▶ [WHAT YOU ARE ASKED TO DO]
Exactly the lines below, starting with the one containing "Салават Юлаев Башкирский" and going on through the one containing "Diagrammet ovenfor viser", must be reproduced, both ends included, and no pictures with them.

▶ [RECORDS FOR PROCESSING]
╔══

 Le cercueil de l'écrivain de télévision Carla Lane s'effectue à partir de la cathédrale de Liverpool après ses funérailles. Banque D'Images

╚══
╔══

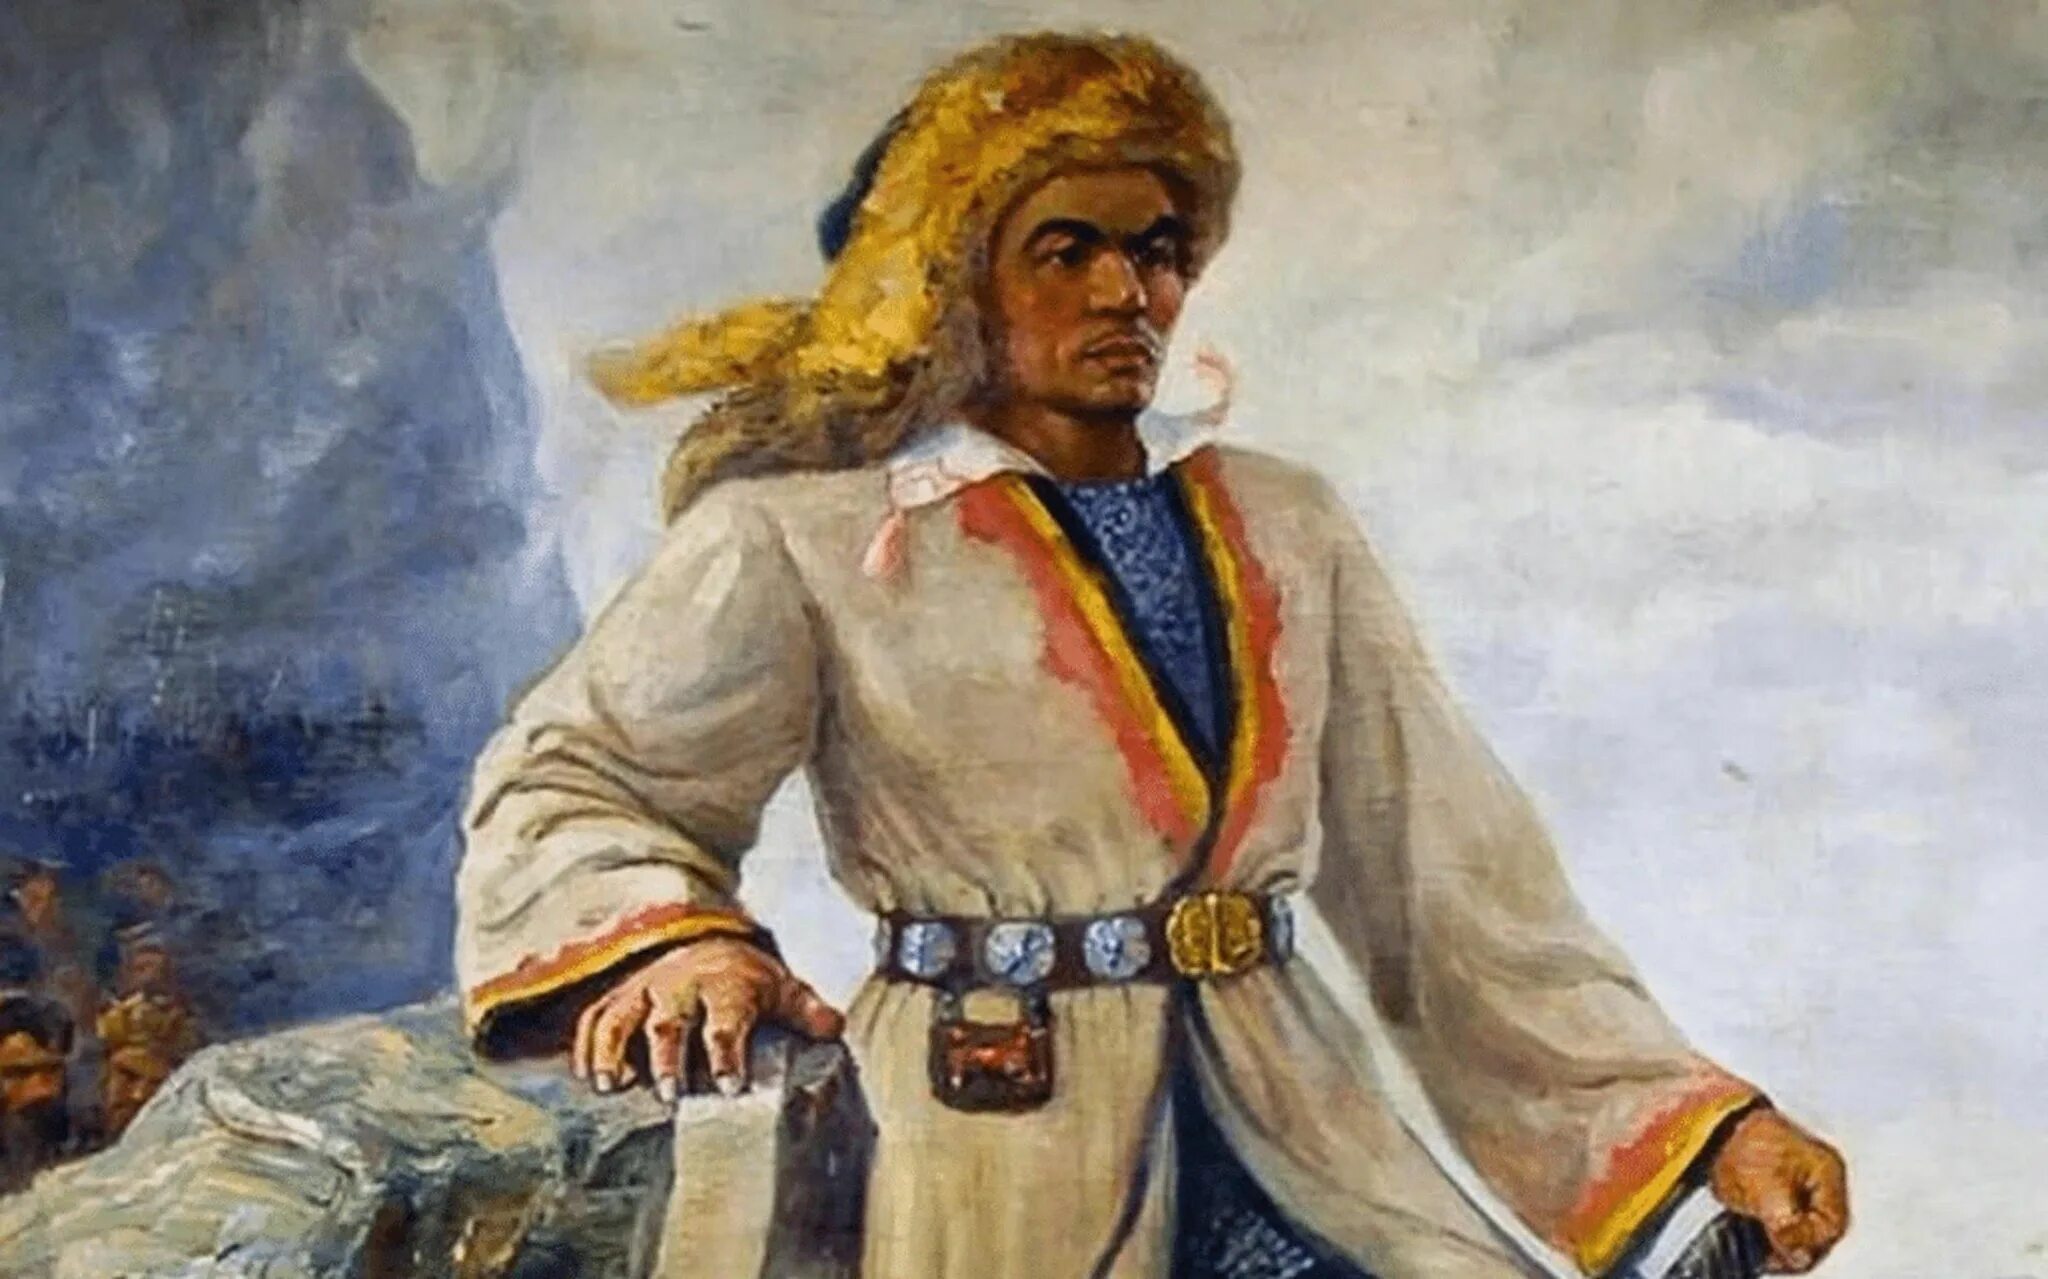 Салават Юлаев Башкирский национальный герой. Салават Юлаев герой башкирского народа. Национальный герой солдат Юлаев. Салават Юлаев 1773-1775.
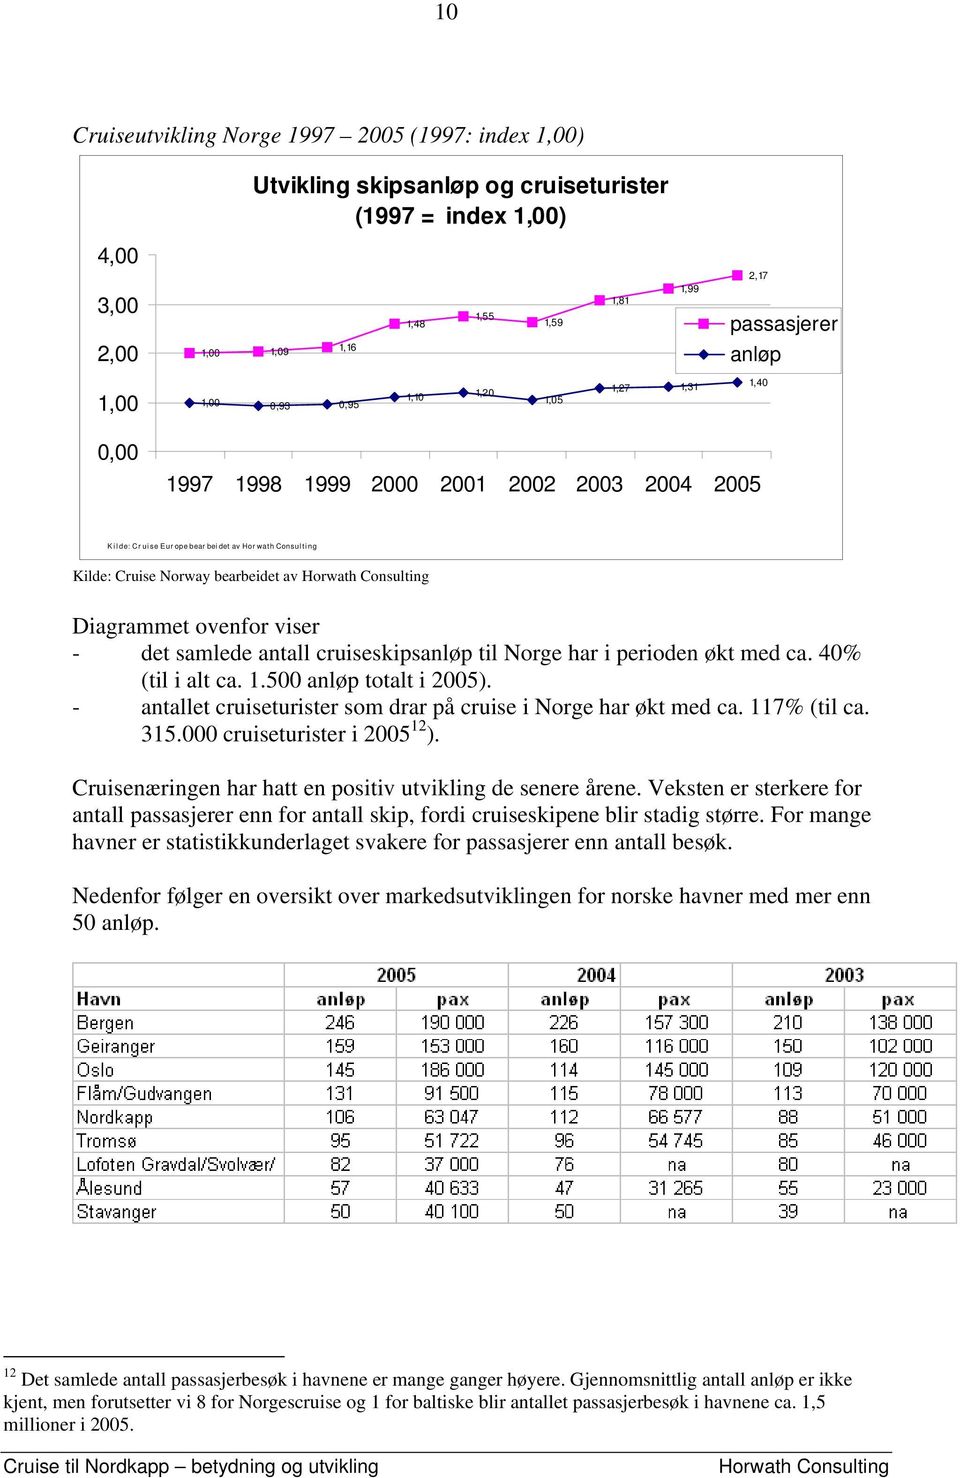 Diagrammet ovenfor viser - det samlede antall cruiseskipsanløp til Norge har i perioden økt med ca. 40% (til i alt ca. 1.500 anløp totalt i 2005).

╚══

▶ [COMPLETED TASK]
 Салават Юлаев Башкирский национальный герой. Салават Юлаев герой башкирского народа. Национальный герой солдат Юлаев. Салават Юлаев 1773-1775.
 Diagrammet ovenfor viser - det samlede antall cruiseskipsanløp til Norge har i perioden økt med ca. 40% (til i alt ca. 1.500 anløp totalt i 2005).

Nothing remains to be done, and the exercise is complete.